1-9・エピローグ
トリックの解説を聞き終わり、感情面の雑談を終え、河渡は伝票を手にしながら喫茶店から出た。今回の紅茶代は河渡持ち、いわく事件解決のお礼なのだそうだ。明崎さんはそれを笑顔で受け入れ、河渡を見送った。

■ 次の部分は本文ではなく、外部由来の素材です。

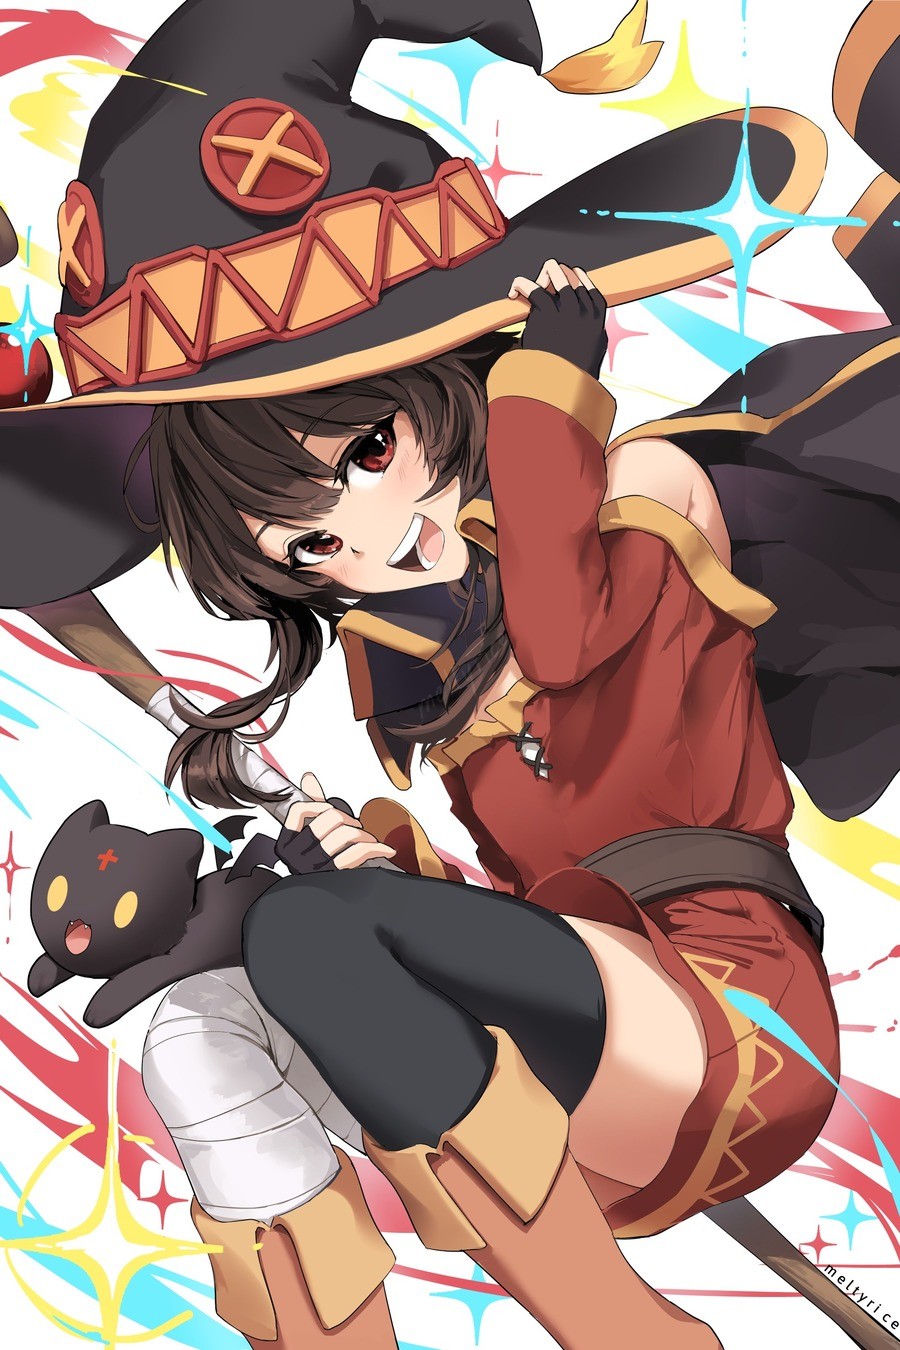 Daily Megu - 957: Megupose. join list: DailySplosion (827 subs)Mention History Source: .

退屈を、そうとわからないよう振る舞うのはやはり骨が折れた。しかしこれでまた二人きりだ。俺は一週間前と同じように席を移動すると、二杯目のコーヒーを注文しようとした。
「じゃあ、今日はこれで解散ですね」
「えっ」
思わず声に出た。
解散? まるで先程まで展開されていた河渡へのケアが本題だったかのような口振りだ。いや、だとしたら俺という助手は場に必要だったか? 呼んでもらったことに関してはもちろんありがたい気持ちだが、これでは、あまりに、
あまりに、拍子抜けだ。
「じゃあ、黒繰さん。また」
そう言うと明崎さんはあっさり席を立ち、喫茶店を出ていった。
俺は、しばらく席を立てなかった。
「お兄さん、注文ッスか?」
金髪ピアスの店員が席までやってきて声をかけた。俺はなんとなく人恋しい気分になり、店員の男に言った。
「君の仕事は何時に終わるの?」
「そッスね~……今日は夕方五時ッスかね」
「じゃあ、そのあとお酒でも飲みに行かない?」
俺からの申し出に、店員は何度か目を瞬いた。
「はあ、まあ、いいッスけど……。お兄さん、なんかあったんスね。わかりました。オレでよかったら全然話聞くッスよ」
「君、名前は?」
「
「よし、今朝方くん。今日は俺が奢るから俺の気分が上がるように全力で話に付き合ってほしい」
「了解ッス。お兄さんはたぶんそろそろ常連さんだし、さっきのお姉さんとの行方も気になるとオレは思うんで。お供します」
「じゃあコーヒーお願い」
注文を受けた今朝方が去ったあと、俺は背もたれに体を預け深く息を吐いた。